Zabiuddin Ansari alias Abu Jundal alias Abu Hamza, a key accused in the November 2008 Mumbai terrorist attack case, in which 166 people were killed, has admitted his role. However, he refuses to give information about the involvement of Pakistan’s state agencies, say investigators.

Ansari has admitted his role in the Nariman House attack and acknowledged he was constantly talking to the terrorists during the attack, investigators said.

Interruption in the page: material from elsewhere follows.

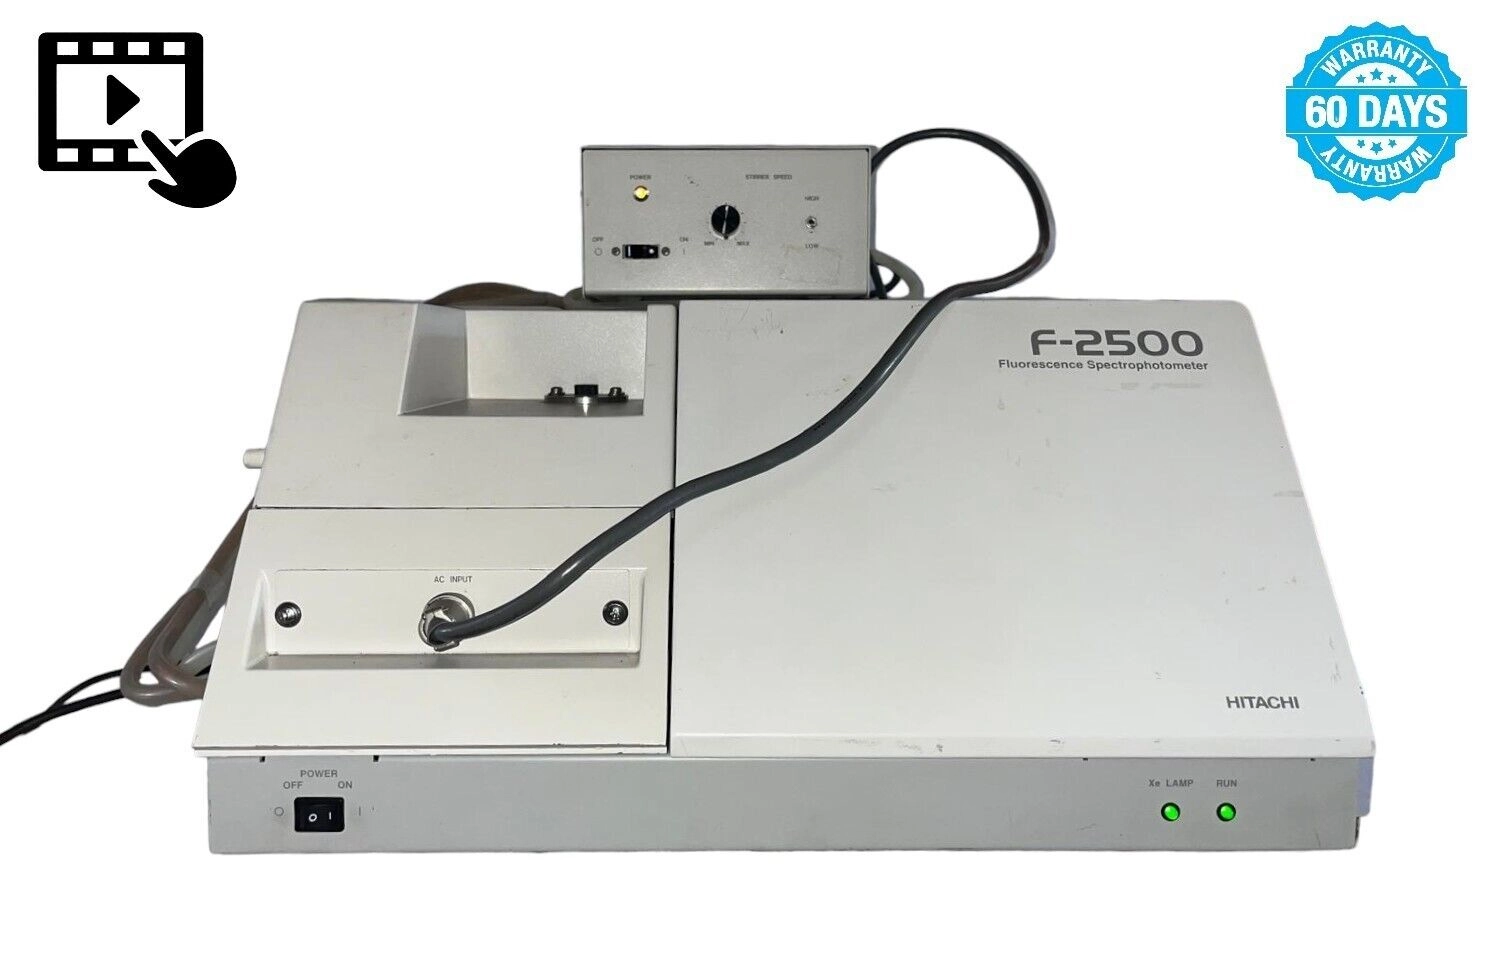 Hitachi F-2500 Fluorescence Spectrophotometer + St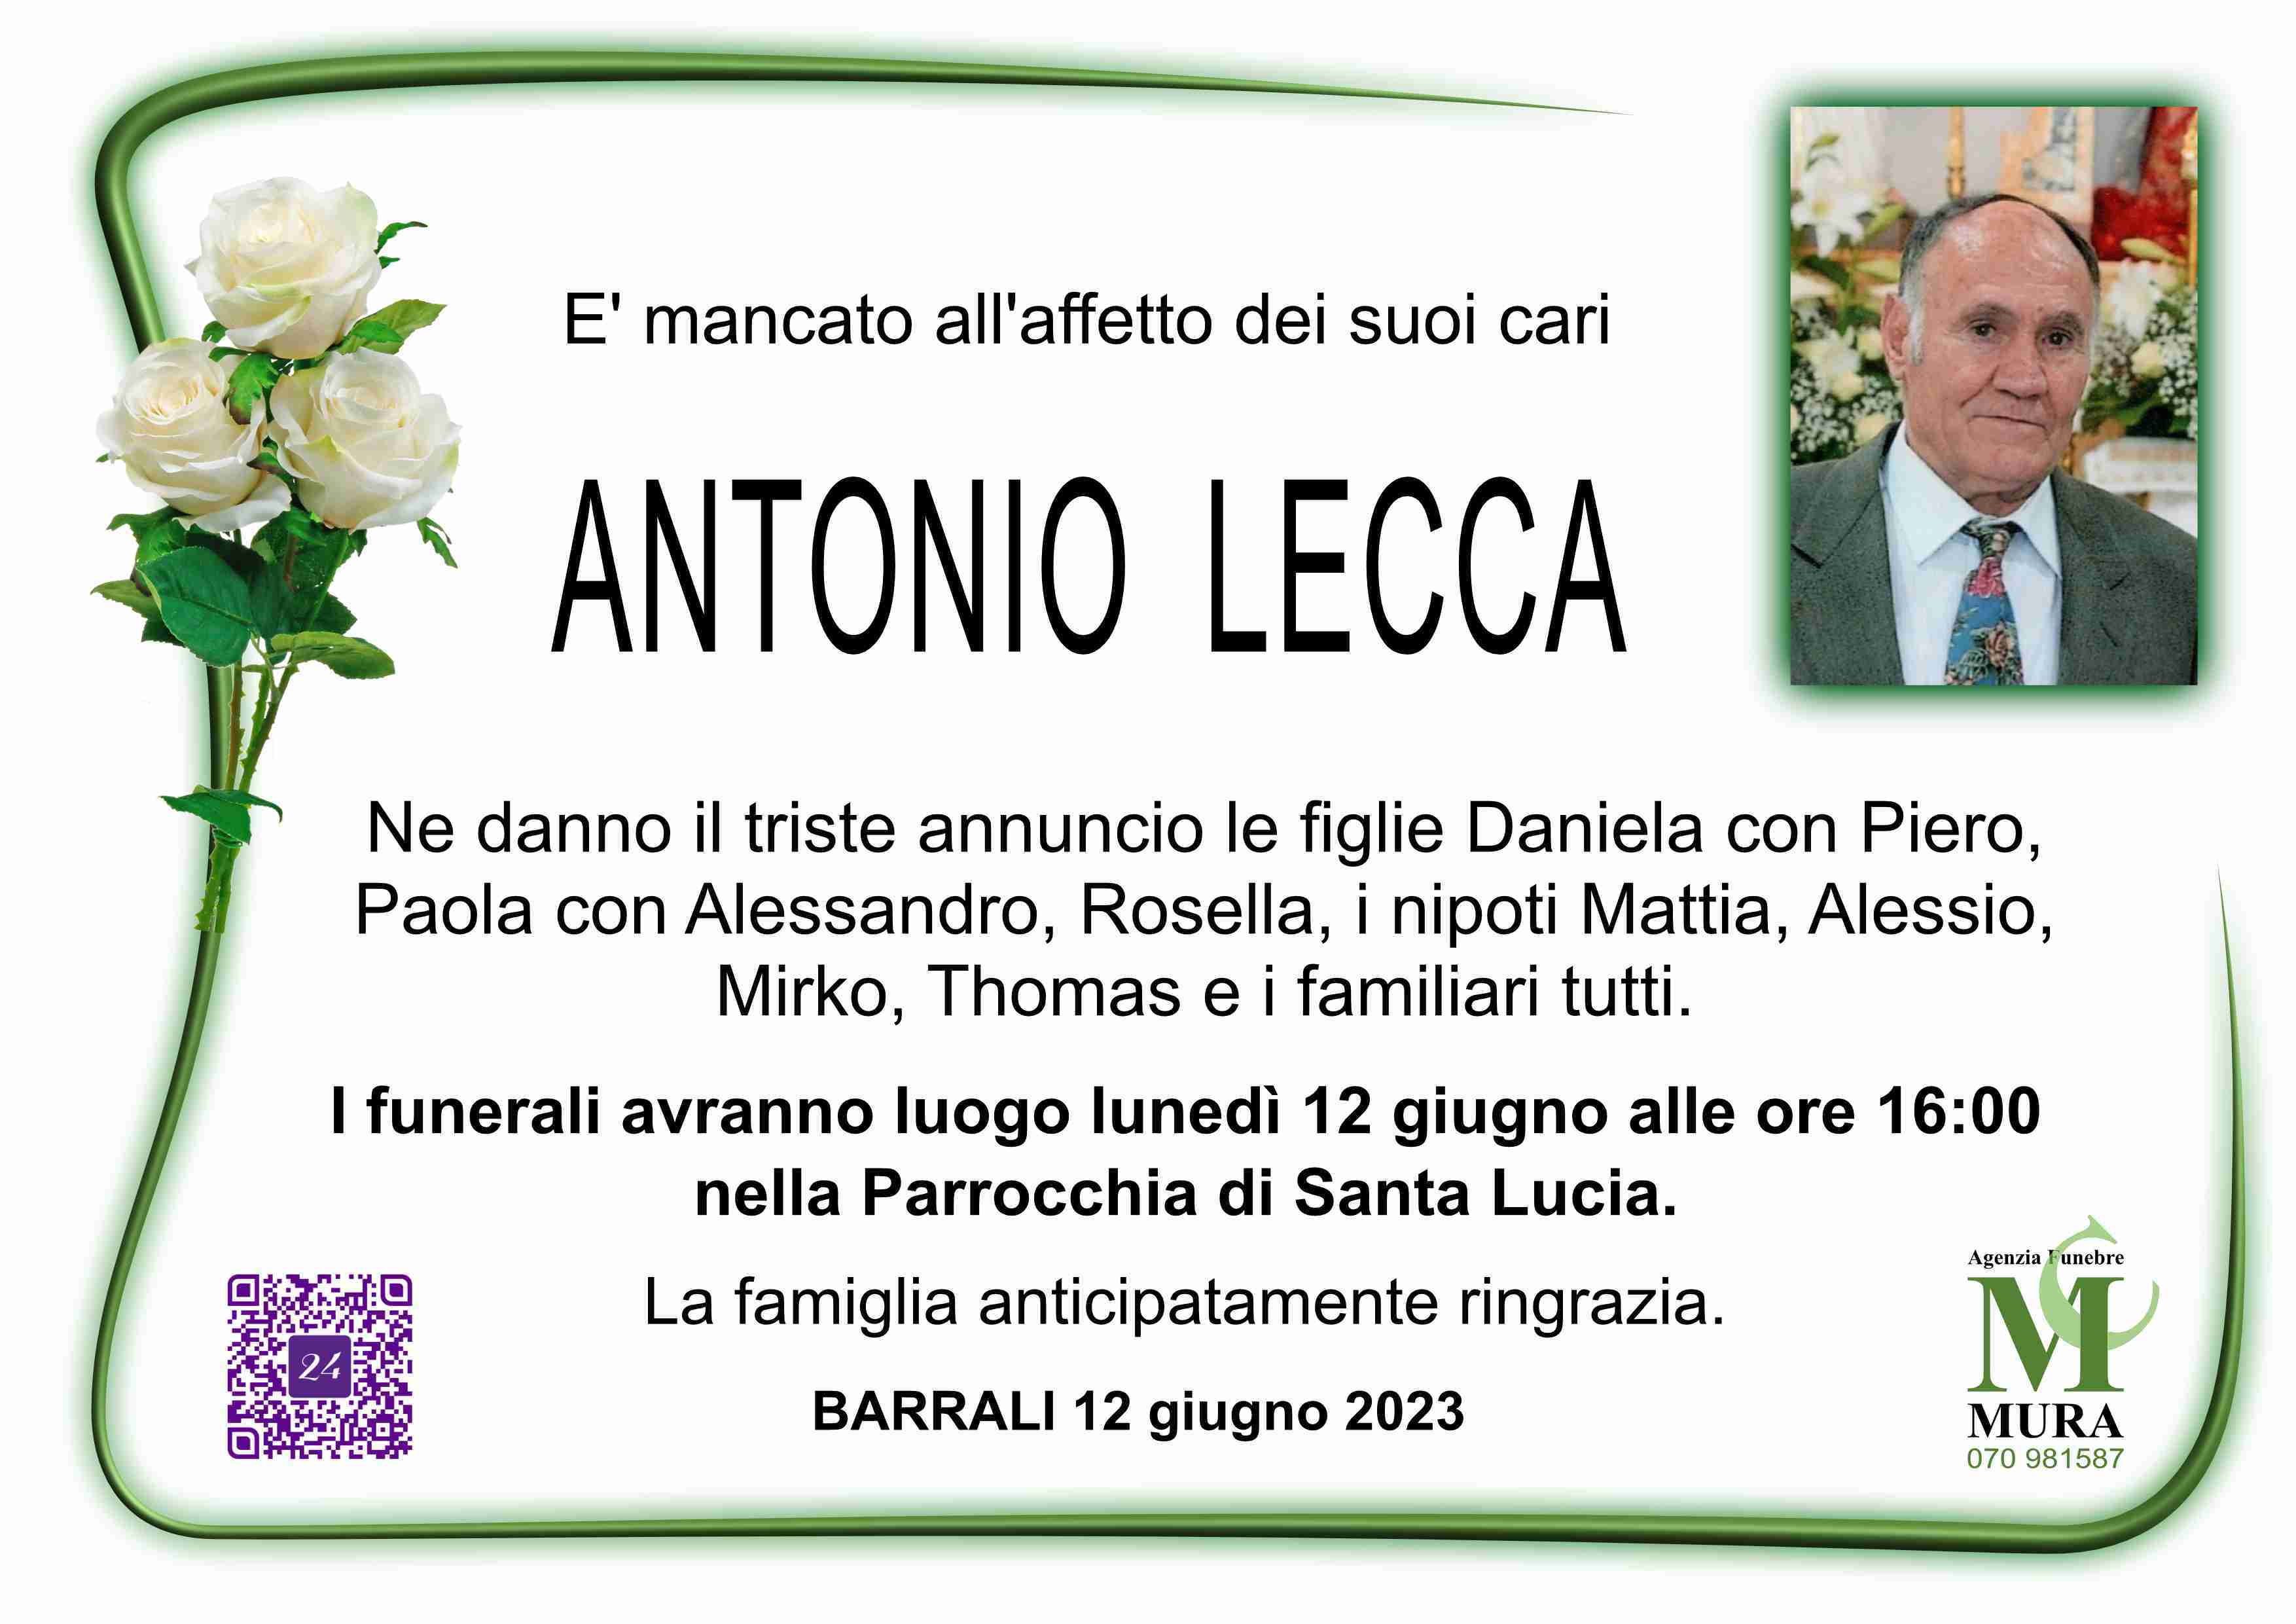 Antonio Lecca

“We have matched his voice sample from the recorded conversation during the Mumbai attack. Though he is talking about his role in giving Hindi lessons to terrorists and identifying places in Mumbai, he is not ready to give information about involvement of ISI (Inter-Services Intelligence, the Pakistan government’s spy agency) in the attack,” said a senior official.

TALE OF TERROR
  • Zabiuddin Ansari was a resident of Beed district in central Maharashtra
  • He taught Hindi to the 10 Pakistani terrorists involved in the 26/11 attack
  • He had handled the Nariman House attack. His voice in the recorded conversations was identified by Ajmal Kasab
  • Initially, as part of SIMI, he had been to Kashmir and Nepal for arms training. He was indoctrinated after the 2002 Gujarat riots
  • Ansari was the main financier for terror activities and had conducted major recruitments for the Indian Mujahideen (IM) and acted as a link between the Laskhar-e-Taiba and IM
  • His first involvement as a key terrorist was in the Indian Institute of Science attack in 2005 at Bangalore
  • His involvement was also alleged when several automatic rifles, grenades, explosives and ammunition were found in Aurangabad, Maharashtra. He then fled India to evade arrest

Officials said the entire operation to track Ansari and bring him back to India was coordinated by the Intelligence Bureau. He was arrested at the Indira Gandhi International Airport, New Delhi, on June 21, when he arrived on a commercial plane, not on a special flight of the Research and Analysis Wing as reported earlier, they said.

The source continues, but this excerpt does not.